[Extracted data entries]
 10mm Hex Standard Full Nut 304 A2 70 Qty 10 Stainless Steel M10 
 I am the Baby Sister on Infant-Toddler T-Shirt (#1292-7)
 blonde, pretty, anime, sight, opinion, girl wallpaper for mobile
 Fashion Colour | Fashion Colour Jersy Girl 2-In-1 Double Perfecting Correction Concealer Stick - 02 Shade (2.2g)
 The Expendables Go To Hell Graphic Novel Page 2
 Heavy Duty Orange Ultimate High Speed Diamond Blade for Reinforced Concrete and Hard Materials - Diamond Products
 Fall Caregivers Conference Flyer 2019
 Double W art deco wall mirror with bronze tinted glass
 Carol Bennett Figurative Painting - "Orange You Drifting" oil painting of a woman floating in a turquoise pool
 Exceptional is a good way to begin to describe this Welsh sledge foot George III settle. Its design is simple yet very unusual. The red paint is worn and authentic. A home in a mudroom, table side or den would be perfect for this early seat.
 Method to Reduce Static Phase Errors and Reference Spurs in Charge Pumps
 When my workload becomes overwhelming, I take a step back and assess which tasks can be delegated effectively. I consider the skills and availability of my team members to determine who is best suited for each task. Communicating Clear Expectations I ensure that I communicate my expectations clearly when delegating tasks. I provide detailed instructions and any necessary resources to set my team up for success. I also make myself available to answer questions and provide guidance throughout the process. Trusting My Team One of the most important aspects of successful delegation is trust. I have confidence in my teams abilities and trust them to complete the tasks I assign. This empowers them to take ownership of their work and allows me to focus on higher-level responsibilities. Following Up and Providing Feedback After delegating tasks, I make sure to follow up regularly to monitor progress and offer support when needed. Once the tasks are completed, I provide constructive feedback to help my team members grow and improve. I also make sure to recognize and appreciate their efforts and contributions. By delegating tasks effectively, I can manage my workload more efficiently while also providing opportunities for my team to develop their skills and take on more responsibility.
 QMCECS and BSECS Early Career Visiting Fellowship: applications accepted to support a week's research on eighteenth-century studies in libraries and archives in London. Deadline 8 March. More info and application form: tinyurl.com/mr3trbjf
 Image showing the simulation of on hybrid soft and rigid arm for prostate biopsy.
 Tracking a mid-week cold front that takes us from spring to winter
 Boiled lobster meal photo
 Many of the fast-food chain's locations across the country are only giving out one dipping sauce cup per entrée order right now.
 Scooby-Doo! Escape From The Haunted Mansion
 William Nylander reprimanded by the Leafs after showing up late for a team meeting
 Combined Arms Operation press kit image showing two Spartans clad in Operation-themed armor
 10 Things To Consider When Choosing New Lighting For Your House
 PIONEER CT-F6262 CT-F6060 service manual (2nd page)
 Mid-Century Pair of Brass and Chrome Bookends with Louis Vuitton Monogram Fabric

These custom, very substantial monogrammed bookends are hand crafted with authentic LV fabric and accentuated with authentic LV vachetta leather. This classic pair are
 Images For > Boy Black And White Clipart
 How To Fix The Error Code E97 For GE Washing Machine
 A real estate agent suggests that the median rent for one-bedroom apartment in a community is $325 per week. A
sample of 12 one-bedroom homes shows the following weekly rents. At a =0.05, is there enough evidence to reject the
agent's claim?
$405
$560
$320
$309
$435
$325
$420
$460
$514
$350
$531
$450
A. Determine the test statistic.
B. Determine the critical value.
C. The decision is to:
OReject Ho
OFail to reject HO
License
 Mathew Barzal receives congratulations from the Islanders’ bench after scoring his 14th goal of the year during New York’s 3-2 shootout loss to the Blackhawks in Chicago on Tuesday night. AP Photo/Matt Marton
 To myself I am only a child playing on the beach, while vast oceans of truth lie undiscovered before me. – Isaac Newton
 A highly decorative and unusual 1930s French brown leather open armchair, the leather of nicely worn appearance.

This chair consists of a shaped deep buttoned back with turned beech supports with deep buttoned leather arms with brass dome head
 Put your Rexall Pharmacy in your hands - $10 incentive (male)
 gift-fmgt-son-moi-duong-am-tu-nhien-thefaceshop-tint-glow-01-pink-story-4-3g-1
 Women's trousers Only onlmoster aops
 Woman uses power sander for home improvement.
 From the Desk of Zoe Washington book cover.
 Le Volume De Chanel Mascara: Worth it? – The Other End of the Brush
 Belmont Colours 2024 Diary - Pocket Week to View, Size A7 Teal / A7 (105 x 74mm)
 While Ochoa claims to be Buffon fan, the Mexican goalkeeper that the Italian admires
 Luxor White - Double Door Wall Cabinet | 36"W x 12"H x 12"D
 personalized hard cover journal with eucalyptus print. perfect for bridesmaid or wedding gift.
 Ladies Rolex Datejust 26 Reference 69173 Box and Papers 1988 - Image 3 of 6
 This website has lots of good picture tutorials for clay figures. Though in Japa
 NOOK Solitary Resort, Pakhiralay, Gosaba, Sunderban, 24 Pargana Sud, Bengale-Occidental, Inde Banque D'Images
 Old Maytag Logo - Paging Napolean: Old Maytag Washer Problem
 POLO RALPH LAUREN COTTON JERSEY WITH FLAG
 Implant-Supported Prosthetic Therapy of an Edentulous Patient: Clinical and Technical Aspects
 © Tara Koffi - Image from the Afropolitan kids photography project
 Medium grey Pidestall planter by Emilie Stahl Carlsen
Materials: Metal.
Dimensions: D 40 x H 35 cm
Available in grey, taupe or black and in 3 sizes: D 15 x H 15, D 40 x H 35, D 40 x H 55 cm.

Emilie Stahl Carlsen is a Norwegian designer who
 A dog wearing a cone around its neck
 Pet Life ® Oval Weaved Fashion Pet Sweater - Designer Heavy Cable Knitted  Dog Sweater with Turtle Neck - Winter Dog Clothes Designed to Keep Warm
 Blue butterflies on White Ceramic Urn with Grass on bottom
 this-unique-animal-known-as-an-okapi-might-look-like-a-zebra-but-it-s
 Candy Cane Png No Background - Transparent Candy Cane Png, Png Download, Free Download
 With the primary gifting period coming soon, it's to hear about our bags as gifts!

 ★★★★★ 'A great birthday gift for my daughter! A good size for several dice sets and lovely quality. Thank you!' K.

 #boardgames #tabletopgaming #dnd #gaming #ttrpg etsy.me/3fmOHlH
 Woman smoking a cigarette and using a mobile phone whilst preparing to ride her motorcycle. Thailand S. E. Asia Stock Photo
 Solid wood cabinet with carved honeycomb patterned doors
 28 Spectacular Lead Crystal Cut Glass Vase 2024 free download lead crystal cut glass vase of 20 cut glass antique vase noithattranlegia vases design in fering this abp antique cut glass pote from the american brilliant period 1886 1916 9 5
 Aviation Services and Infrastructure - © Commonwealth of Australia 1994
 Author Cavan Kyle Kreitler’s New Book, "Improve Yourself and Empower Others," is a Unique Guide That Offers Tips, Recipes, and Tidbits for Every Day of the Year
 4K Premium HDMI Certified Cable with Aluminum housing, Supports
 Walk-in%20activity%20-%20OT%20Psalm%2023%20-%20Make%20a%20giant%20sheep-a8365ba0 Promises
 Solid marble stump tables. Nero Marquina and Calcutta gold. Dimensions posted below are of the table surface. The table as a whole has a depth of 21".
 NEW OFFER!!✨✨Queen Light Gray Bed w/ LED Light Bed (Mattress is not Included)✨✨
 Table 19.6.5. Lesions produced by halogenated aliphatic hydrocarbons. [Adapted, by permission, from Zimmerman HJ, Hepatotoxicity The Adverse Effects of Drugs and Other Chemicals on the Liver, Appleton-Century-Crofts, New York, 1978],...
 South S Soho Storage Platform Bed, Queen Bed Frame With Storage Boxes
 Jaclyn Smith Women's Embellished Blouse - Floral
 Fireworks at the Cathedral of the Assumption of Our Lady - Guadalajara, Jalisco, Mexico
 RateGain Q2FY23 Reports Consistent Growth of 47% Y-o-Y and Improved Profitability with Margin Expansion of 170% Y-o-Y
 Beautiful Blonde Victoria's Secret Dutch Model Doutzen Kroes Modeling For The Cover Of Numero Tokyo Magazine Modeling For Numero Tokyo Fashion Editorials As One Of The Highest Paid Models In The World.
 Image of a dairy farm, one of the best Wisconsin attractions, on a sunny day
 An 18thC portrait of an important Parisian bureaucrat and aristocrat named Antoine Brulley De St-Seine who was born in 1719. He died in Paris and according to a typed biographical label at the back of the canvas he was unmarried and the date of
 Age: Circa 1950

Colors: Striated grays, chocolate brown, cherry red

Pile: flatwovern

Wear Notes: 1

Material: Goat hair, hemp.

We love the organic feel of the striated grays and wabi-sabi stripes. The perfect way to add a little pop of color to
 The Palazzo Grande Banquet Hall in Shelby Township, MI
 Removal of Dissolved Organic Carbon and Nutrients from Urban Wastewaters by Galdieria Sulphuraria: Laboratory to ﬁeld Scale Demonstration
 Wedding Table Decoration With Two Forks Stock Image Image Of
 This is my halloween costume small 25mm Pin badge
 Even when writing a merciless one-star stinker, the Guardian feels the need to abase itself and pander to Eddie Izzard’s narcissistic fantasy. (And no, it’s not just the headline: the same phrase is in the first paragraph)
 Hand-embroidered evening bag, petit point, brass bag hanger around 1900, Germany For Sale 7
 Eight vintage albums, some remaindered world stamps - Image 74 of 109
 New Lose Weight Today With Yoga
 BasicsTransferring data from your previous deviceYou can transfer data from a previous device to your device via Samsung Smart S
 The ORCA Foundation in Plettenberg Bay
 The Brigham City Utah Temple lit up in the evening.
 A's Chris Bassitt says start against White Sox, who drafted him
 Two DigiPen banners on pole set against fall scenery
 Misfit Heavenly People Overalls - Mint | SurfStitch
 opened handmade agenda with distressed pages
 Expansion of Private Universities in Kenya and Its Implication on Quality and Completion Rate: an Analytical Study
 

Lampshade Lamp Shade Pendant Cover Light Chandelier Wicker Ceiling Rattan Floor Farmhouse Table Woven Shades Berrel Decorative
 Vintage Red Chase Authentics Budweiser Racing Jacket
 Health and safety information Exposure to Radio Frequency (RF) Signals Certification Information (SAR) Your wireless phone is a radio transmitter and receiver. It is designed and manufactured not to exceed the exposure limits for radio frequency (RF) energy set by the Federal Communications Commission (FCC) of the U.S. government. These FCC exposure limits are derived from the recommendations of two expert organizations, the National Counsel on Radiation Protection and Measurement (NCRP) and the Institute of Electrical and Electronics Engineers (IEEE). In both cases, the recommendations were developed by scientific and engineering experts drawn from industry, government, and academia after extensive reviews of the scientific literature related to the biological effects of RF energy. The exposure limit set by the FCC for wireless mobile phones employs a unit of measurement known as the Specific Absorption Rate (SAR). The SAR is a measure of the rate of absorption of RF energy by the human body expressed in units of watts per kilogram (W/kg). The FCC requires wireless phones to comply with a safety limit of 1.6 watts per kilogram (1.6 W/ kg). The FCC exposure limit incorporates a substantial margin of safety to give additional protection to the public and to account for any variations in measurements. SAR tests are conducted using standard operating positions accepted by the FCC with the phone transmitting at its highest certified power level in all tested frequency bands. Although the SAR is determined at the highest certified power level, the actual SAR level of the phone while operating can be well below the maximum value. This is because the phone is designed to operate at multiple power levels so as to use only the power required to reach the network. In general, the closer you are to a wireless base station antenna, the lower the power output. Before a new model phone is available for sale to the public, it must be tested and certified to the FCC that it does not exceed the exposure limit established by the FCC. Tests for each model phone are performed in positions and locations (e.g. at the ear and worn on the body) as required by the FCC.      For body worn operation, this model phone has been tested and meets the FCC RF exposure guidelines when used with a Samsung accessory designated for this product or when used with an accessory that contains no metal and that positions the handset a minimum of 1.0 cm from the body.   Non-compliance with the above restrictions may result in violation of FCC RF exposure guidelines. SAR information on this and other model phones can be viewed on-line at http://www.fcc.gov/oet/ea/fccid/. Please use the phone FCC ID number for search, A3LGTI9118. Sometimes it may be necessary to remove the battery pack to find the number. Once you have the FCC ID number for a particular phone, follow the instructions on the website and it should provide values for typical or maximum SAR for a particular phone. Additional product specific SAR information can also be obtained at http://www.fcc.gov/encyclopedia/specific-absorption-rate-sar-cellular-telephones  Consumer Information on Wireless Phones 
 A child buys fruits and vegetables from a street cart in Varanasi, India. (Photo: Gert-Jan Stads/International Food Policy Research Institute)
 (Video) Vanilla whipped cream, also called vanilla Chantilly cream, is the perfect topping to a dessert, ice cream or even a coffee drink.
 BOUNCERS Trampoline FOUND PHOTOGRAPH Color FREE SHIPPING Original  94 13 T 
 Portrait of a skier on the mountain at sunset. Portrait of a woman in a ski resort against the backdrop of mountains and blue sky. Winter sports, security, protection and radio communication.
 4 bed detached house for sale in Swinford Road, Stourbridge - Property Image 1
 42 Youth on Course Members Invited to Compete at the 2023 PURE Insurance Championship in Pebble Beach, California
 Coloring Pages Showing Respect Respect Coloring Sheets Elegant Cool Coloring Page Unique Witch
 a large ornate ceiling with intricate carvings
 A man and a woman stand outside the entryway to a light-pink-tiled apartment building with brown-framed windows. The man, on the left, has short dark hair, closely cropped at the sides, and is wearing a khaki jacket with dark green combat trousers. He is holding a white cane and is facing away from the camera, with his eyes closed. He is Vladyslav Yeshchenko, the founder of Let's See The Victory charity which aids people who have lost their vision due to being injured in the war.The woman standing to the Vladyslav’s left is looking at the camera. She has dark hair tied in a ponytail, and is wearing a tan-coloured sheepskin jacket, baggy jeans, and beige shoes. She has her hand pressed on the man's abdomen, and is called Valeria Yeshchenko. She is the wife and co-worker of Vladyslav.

◆ Your objective
Above are records; repeat only the lines starting at the line with "A dog wearing a cone around its neck" and ending at the line with "Blue butterflies on", exactly as they appear, both included.

◆ Exercise response
 A dog wearing a cone around its neck
 Pet Life ® Oval Weaved Fashion Pet Sweater - Designer Heavy Cable Knitted  Dog Sweater with Turtle Neck - Winter Dog Clothes Designed to Keep Warm
 Blue butterflies on White Ceramic Urn with Grass on bottom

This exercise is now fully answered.